Heterochronic parabiosis for the study of the effects of aging on stem cells and their niches

Abstract

Aging is unmistakable and undeniable in mammals. Interestingly, mice develop cataracts, muscle atrophy, osteoporosis, obesity, diabetes and cognitive deficits after just 2-3 postnatal years, while it takes seven or more decades for the same age-specific phenotypes to develop in humans. Thus, chronological age corresponds differently with biological age in metazoan species and although many theories exist, we do not understand what controls the rate of mammalian aging. One interesting idea is that species-specific rate of aging represents a ratio of tissue attrition to tissue regeneration. Furthermore, current findings suggest that the age-imposed biochemical changes in the niches of tissue stem cells inhibit performance of this regenerative pool, which leads to the decline of tissue maintenance and repair. If true, slowing down stem cell and niche aging, thereby promoting tissue regeneration, could slow down the process of tissue and organismal aging. In this regard, recent studies of heterochronic parabiosis provide important clues as to the mechanisms of stem cell aging and suggest novel strategies for enhancing tissue repair in the old. Here we review current literature on the relationship between the vigor of tissue stem cells and the process of aging, with an emphasis on the rejuvenation of old tissues by the extrinsic modifications of stem cell niches.

Figure 1. Aging and rejuvenation of adult myogenesis. In young muscle, injury upregulates the Notch ligand, Delta-like 1, which activates Notch signaling. Active Notch promotes a G₀ to G₁ transition in muscle stem cells after an injury; interplay between Notch and Wnt controls myogenic cell proliferation and differentiation. In old muscle, which regenerates poorly, in addition to a suppression of activation of Notch pathway following injury, there is also an excess of signaling via the TGFβ and Wnt pathways, leading to a suppression of myogenesis and a promotion of fibrosis. Notch, Wnt and likely other signaling pathways are regulated by systemic niche / circulatory milieu, such that in the aged environment, systemic signals contribute to the activities that inhibit myogenesis and promote fibrosis. By contrast, in the setting of heterochronic parabiosis, young systemic factors restore more youthful states and are able to rejuvenate the aged stem cells and stem cell niches to promote enhanced muscle regeneration. .

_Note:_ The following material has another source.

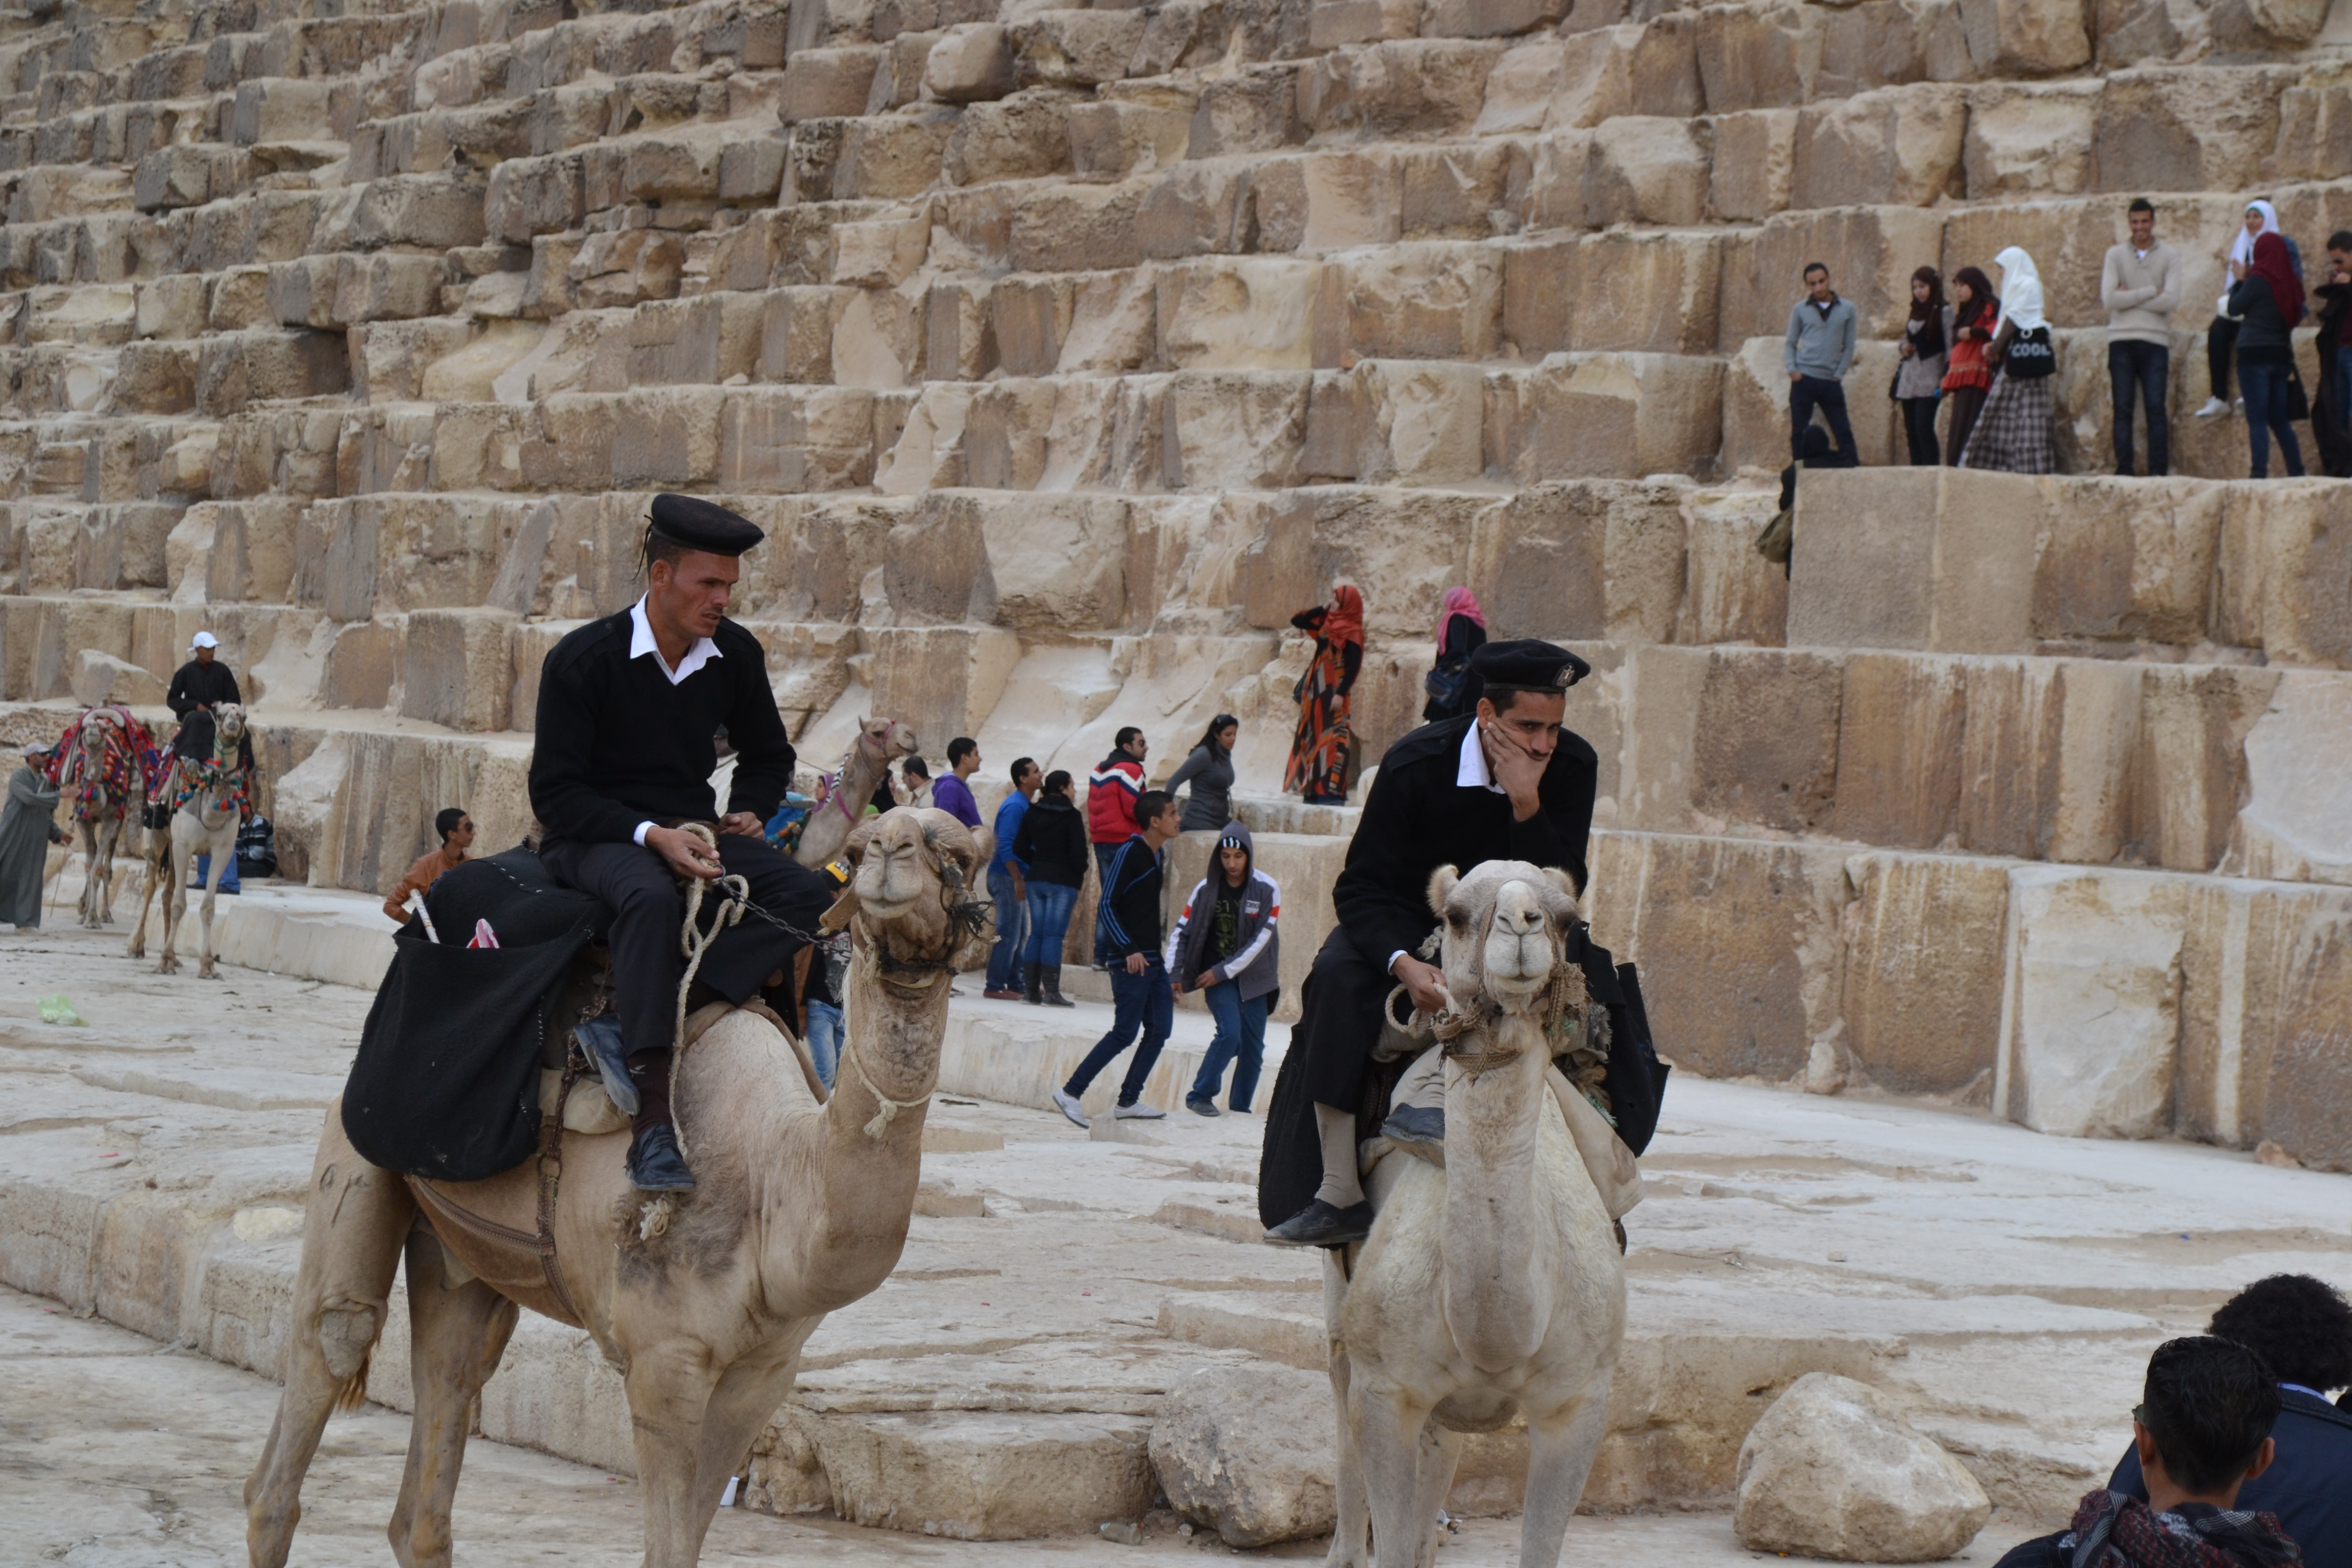 Even the police officers broke the rules and rode their 'security' camels within the vicinity of the Pyramids.
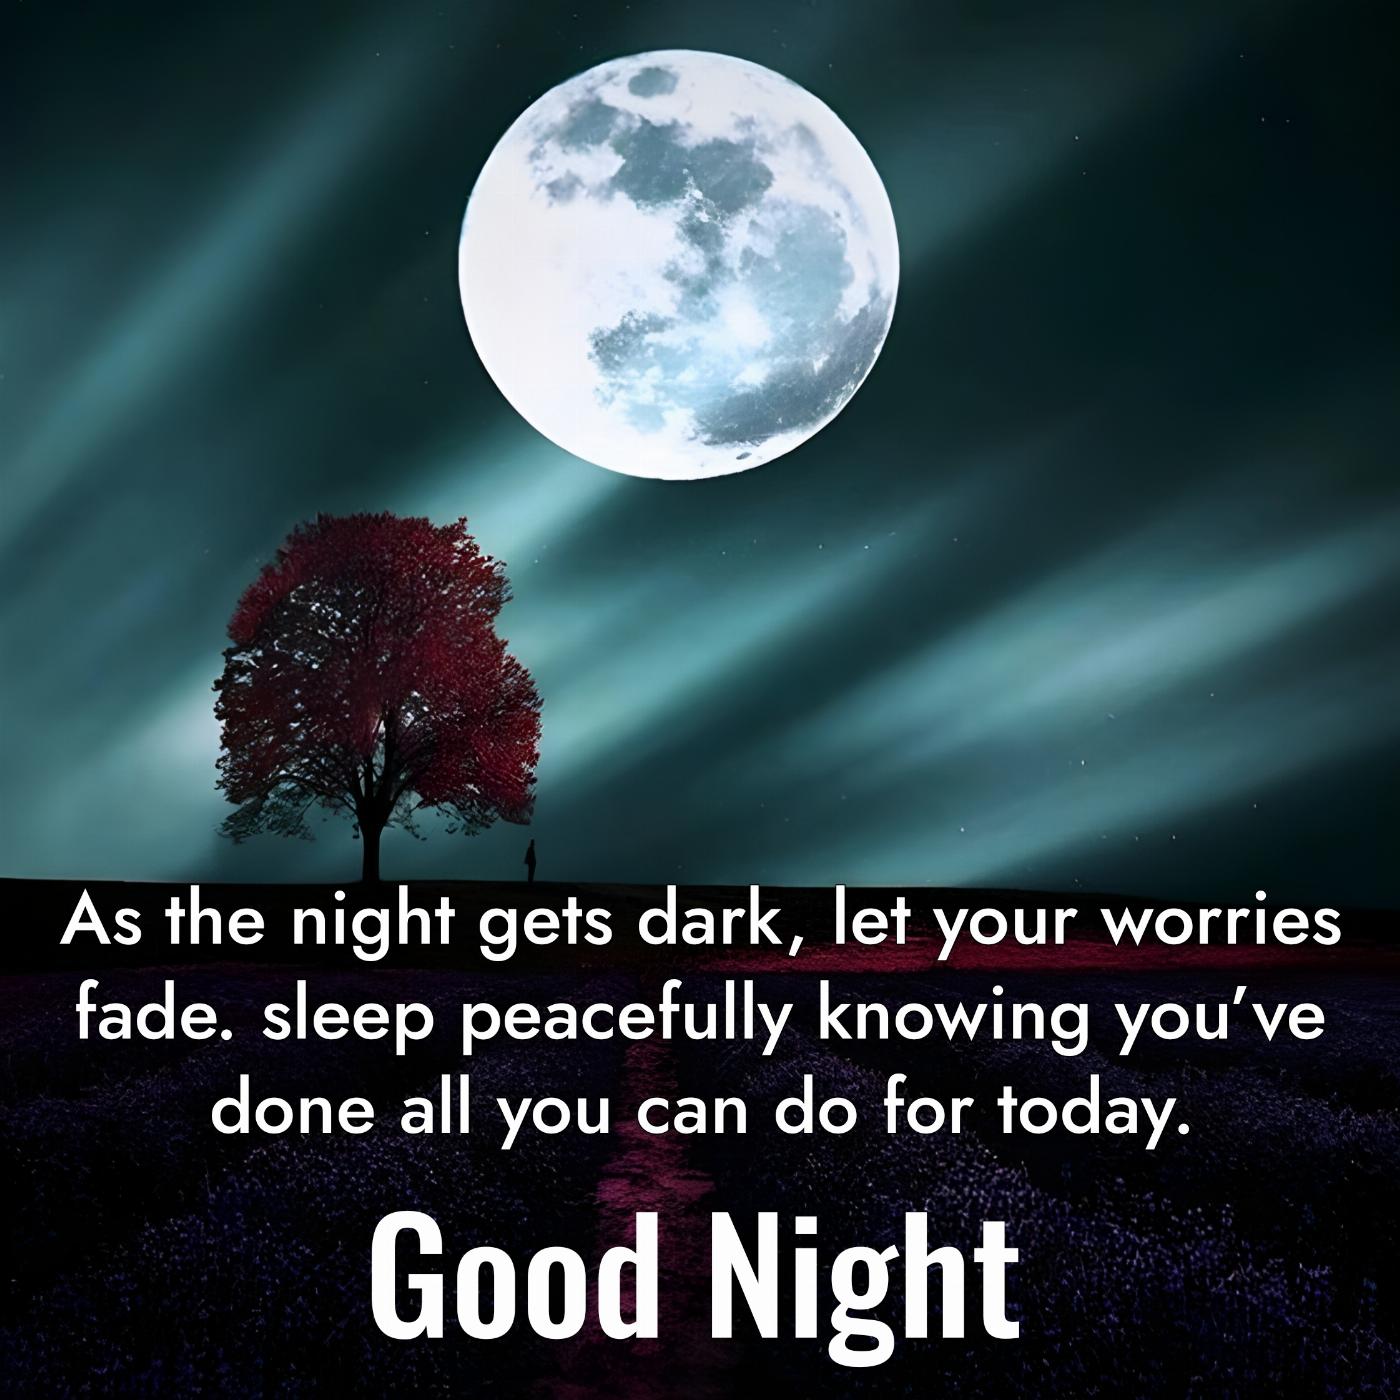 As the night gets dark let your worries fade

Figure 2. The role of the stem cell niche in stem cell performance (A) The young niche induces productive stem cell responses and, as a result, young tissues regenerate efficiently. (B) By contrast, the old niche inhibits stem cell responses. Rather than effective tissue regeneration, there is sustained inflammation and resulting fibrosis, perhaps further suppressing stem cell function and leading to apoptosis, senescence, or aberrant cell fate. (C) Promisingly, exogenous molecules that boost the regenerative responses of tissue stem cells, perhaps in part by rejuvenating the aged niche, promote effective repair of aged tissues, overriding the inhibitory influence of the old niches.